Bushway yesterday said she wanted especially to thank members of the Technical Rope and Cave Emergency Response team, a volunteer group that responded and helped rescue Tyler. They checked out his injuries, then placed him on a flexible backboard and hauled him out slowly – straight up – with a harness.

Officials with the Cave City Fire Department and the Barren County Sheriff’s Office credited the cave rescue team, known as TRACER, for its expertise in making the rescue a smooth one. Based in Bullitt County, the group does cave rescues and other emergency work across the state and in Indiana and Tennessee, commander Wayne Hodge said.

AMONG ITS 14 members are a doctor, a paramedic, cave experts, scuba divers and firefighters, hailing from Louisville to Bowling Green. The volunteers pay for their own expenses and equipment, with occasional state grants and fund-raising help,

Tyler was pulled out of the cave about 9:15 a.m. and was flown by helicopter to U of L Hospital, where he received five stitches for some small cuts on his face and was treated for scrapes. 

The worst scrapes were to his hands and knees, Tyler said. And the worst part of the ordeal, he said was when rescue workers had to cut the wet, muddy clothes off the already chilled youth.  “It was pretty cold down there,” Tyler said.

Although Tyler typically spent about four to five hours a day underground, leading hour long tours in the Crystal Onyx Cave, he was a novice spelunker who had never before explored an unguided “wild” cave, Hay said. Had that the boys asked, Hay would have refused permission to go into the cave, he said.

The teens went in unprepared with no helmets, kneepads, ropes or lanterns. “They had one hand held flashlight between them,” Caswell said. 

Tyler is fascinated with caves, his boss said. “At that age, you get a job as a cave guide, your interest gets really sparked,” said Hay, who wore a black T-shirt depicting flying bats. “A lot of guys, they want to run into it headlong.”
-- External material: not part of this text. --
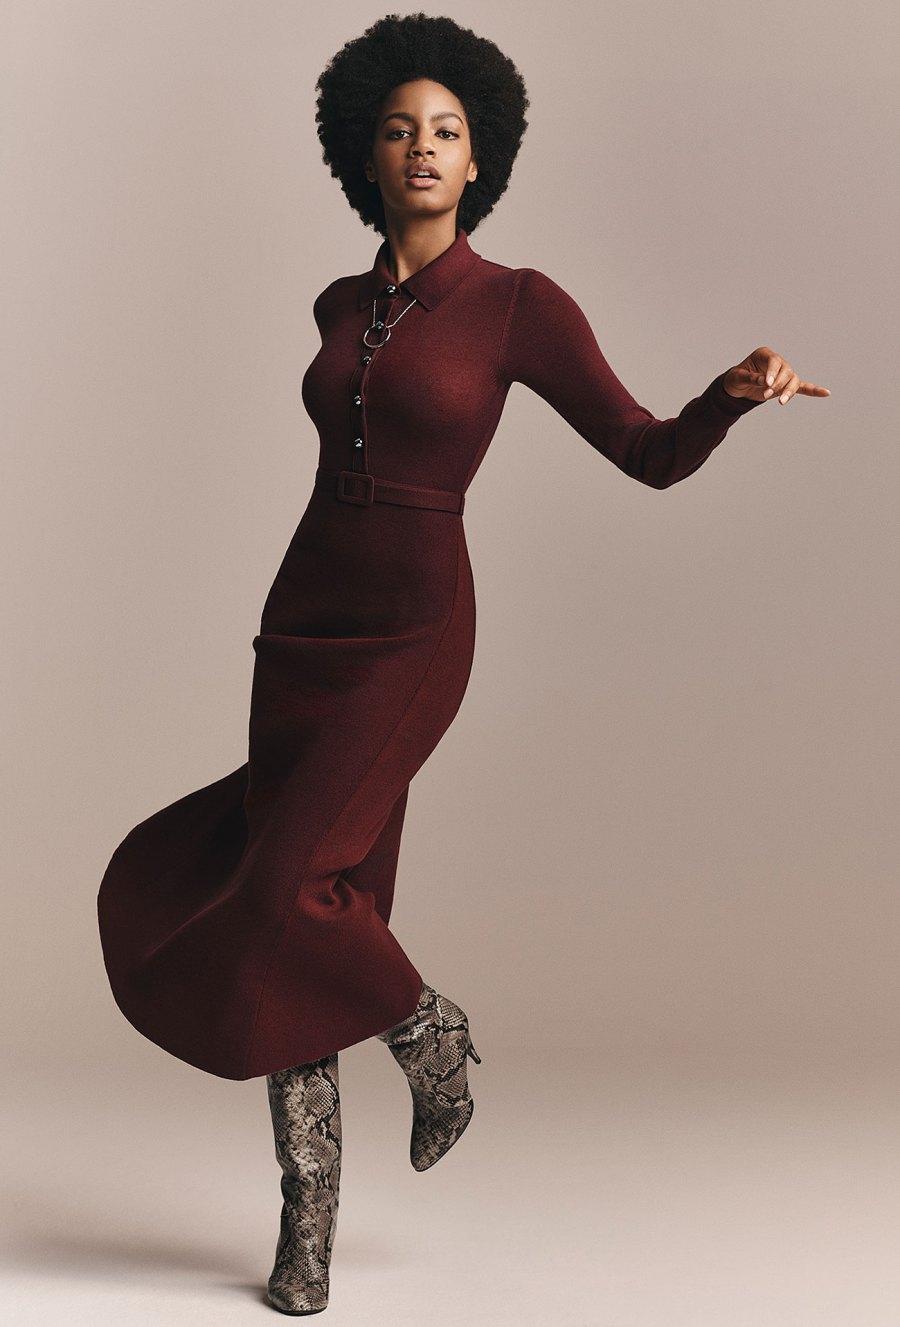 Zendaya x Tommy Hilfiger Collection - Zendaya Long Sleeve Midi Dress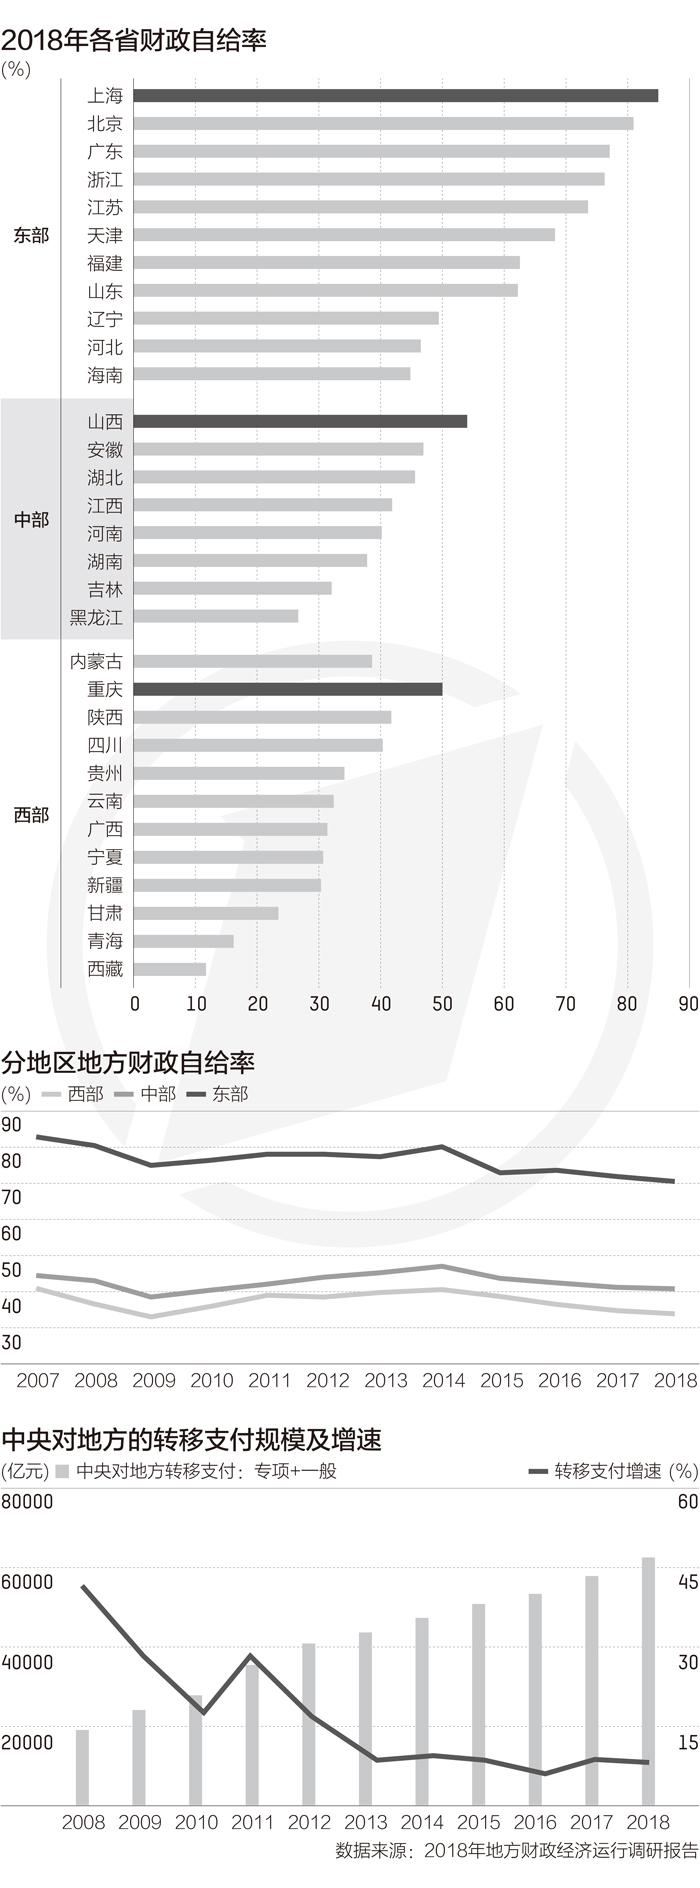 <b>31省份财政自给率差异大 中央转移支付依赖度上升</b>

HAY DESCRIBED Tyler as a “wonderful guide” and a wonderful kid. “The first thing he was worried about  (when he got out) was, ‘Am I fired?’ “ Hay said.  He reassured his young employee that he was just glad he was all right.

Tyler said the ordeal hasn’t scared him away from caves, and he plans to go back to his job as soon as his injuries heal. He also hopes to continue exploring caves, he said.

Tyler said the ordeal taught him to be more careful around caves and never go in without the proper equipment – and expertise. 

“Make sure you have a rope, two flashlights and a buddy.”

Road Cut Cave as it appears today.
Members of the Technical Rope and Cave Emergency Response team worked at the entrance of Road Cut cave yesterday.